Age stratified results for
incidence, clinical incidence and
severe case incidence may also be included in the
output if desired and must be specified in the parameter list (see
get_parameters()
for more details and Demography
for an example). These inputs will add extra columns to the output for
the number of infections (n_
) and the sum
of probabilities of infection (p_
) for the
relevant total, clinical or severe incidences for each specified age
group.
Where treatments are specified,
n_treated
will report the number that have received
treatment. Where bed nets are distributed,
net_usage
specifies the number sleeping under a bednet.
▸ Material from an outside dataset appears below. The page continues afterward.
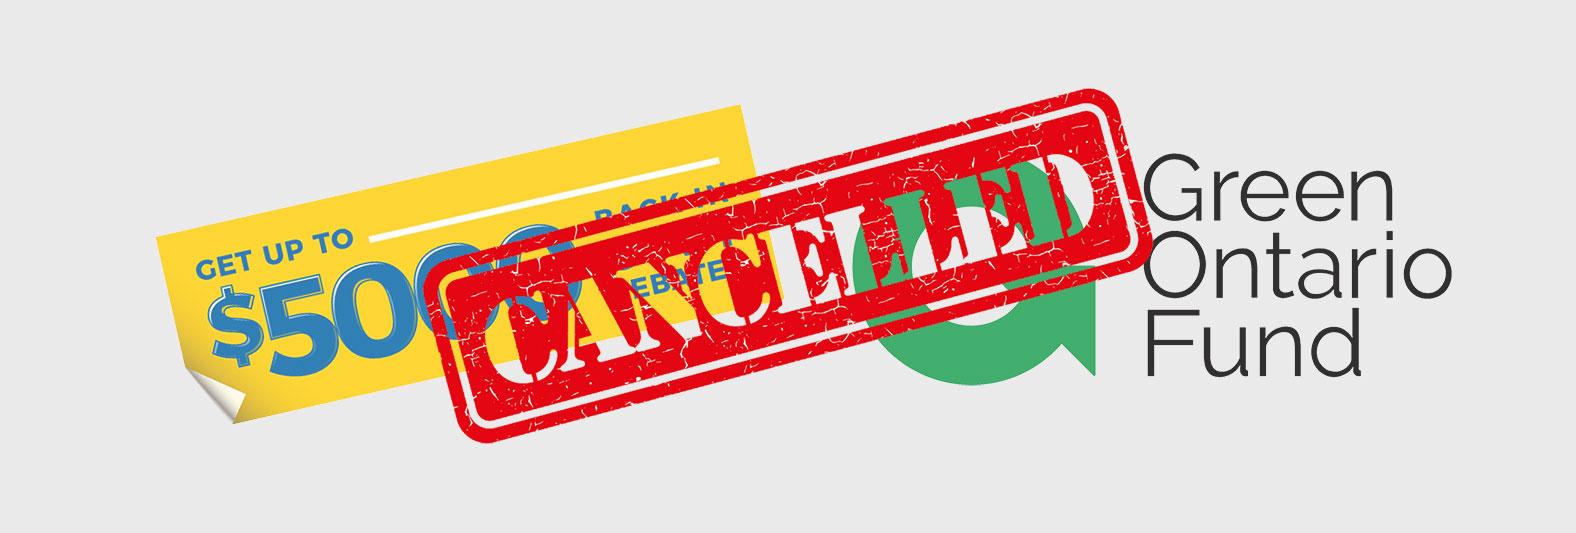 GreenON 5000 rebate program calcelled

These outputs can then be visualised, such as the population changes
in states. Another key output is the prevalence of detectable infections
between the ages of 2-10 (PfPR2-10), which can be
obtained by dividing n_detect_lm_730_3650
by
n_age_730_3650
.
# Define vector of column names to plot
cols_to_plot <- paste0(c("S","D","A","U","Tr"),"_count")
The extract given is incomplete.